Wie beispielsweise die Insolvenz der Trianon-Betreibergesellschaft im Zuge des Auszugs der Deka zeigt, fallen vor allem Gebäude mit altem Baustandard in aktuellen Markt hinten runter. Neben den Annehmlichkeiten für die Beschäftigten steht nämlich ein anderes Thema im Fokus: die Nachhaltigkeit. Gerade für den Service-Sektor sind Immobilien ein wesentlicher Faktor für die ESG-Kennzahlen – und ein veralteter Standard lässt sich hier so schnell nicht aufholen. So geben etwa die Deka und auch Berenberg in Hamburg als einen wesentlichen Umzugsgrund zu Protokoll, dass es bei laufendem Betrieb schlicht zu aufwendig gewesen wäre, die bestehenden Büros energetisch auf Vordermann zu bringen.

Nach Zahlen von Cushman & Wakefield werden den Frankfurter Hochhäusern (sprich Gebäude ab einer Höhe von 45 Metern) in den kommenden vier Jahren insgesamt 64% der Einzüge auf Bürogebäude entfallen, die ab 2021 gebaut worden sind (und dabei handelt es sich wohlgemerkt nicht um eine Prognose, sondern um bereits geschlossene Deals). 54% der Auszüge entfallen indes auf Immobilien, die im Jahr 2000 oder früher errichtet wurden. Bezogen auf die Banken heißt es: Hatten in 2001 noch lediglich 8% der Bank-Büroflachen die höchste Qualitätsklasse "A", so sind es heute bereits 28%.

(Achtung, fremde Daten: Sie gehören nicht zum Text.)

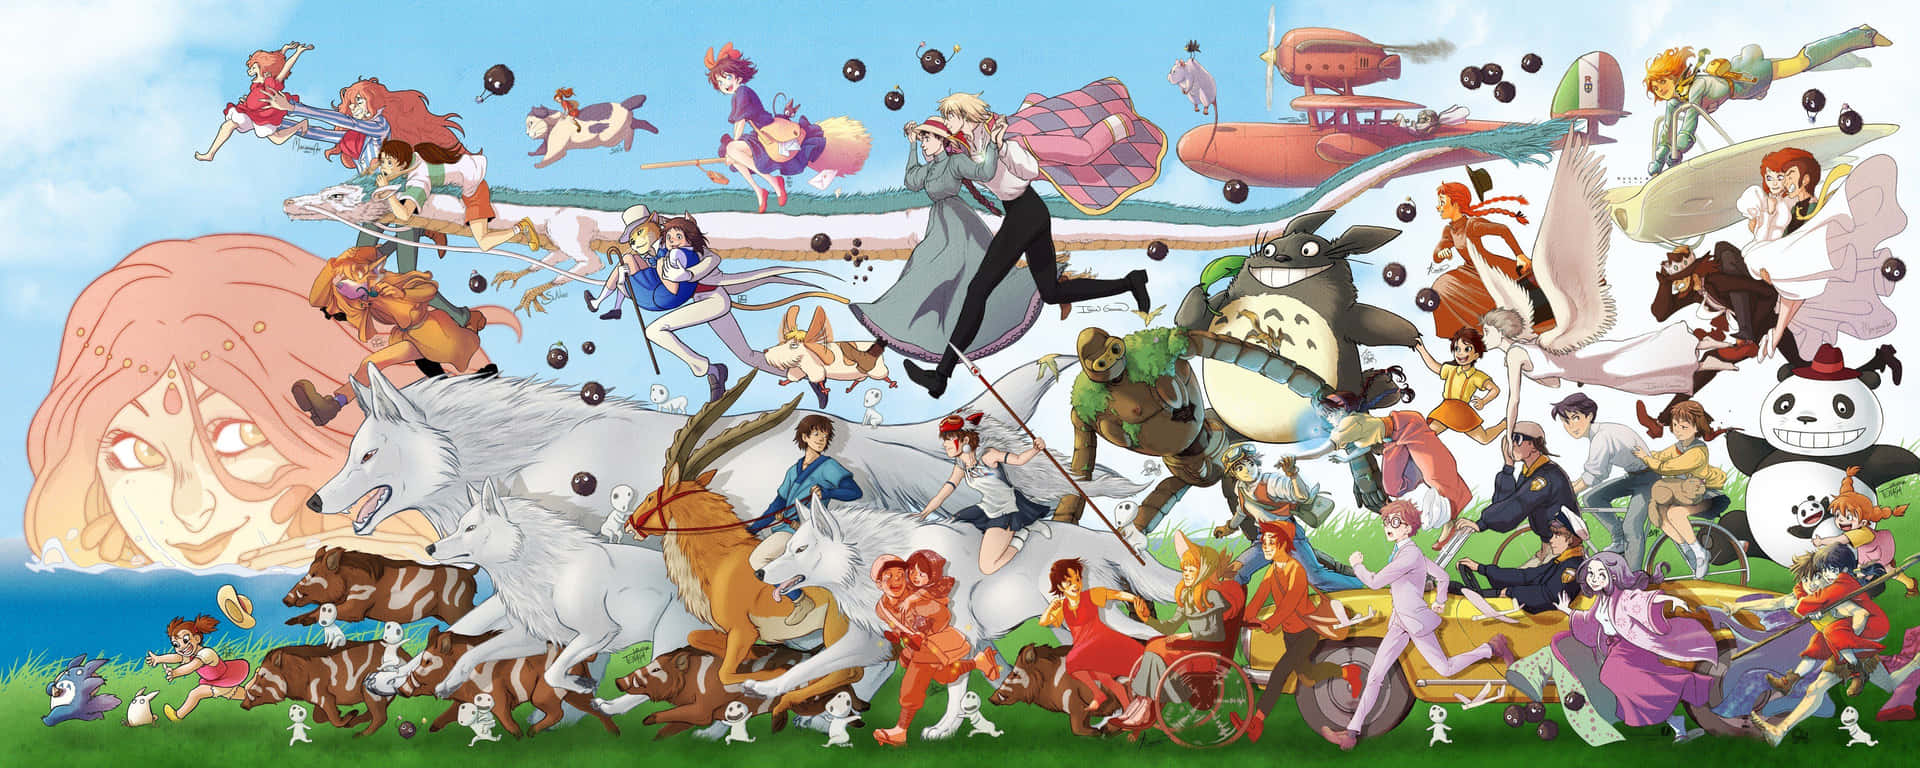 Upplevstudio Ghiblis Episka Fantasivärld I Princess Mononoke På Dator Eller Mobilskärmen. Wallpaper

Und mit der zunehmenden ESG-Regulierung steigt die Tendenz weiter – schließlich müssen Finanzchefs von Banken und Fintechs sich dieser Tage auch damit auseinandersetzen, wie viel Wasser etwa eine Klospülung in ihren Büros verbraucht. Erste Immobilien-Entwickler, so berichten es Marktkenner, wollen deshalb bei Interessenten damit punkten, dass sie sämtliche ESG-relevanten Gebäudedaten jederzeit in einer App zur Verfügung stellen.

Und der ganze alte, leerstehende Rest? Hätte zumindest in guten Lagen immerhin dann eine Chance, wenn sich Investoren finden, die in der umfangreichen Sanierung einen Business Case sehen – auch hierfür ist das über 20 Jahre alte Gallileo-Hochaus ein Beispiel, das nach dem Auszug der Commerzbank über zwei Jahre lang saniert wird bevor nun die EZB-Bankenaufsicht einzieht.

Doch damit das häufiger geschieht, heißt es aus der Branche, müssten die Angebotspreise in vielen Fällen noch weiter sinken.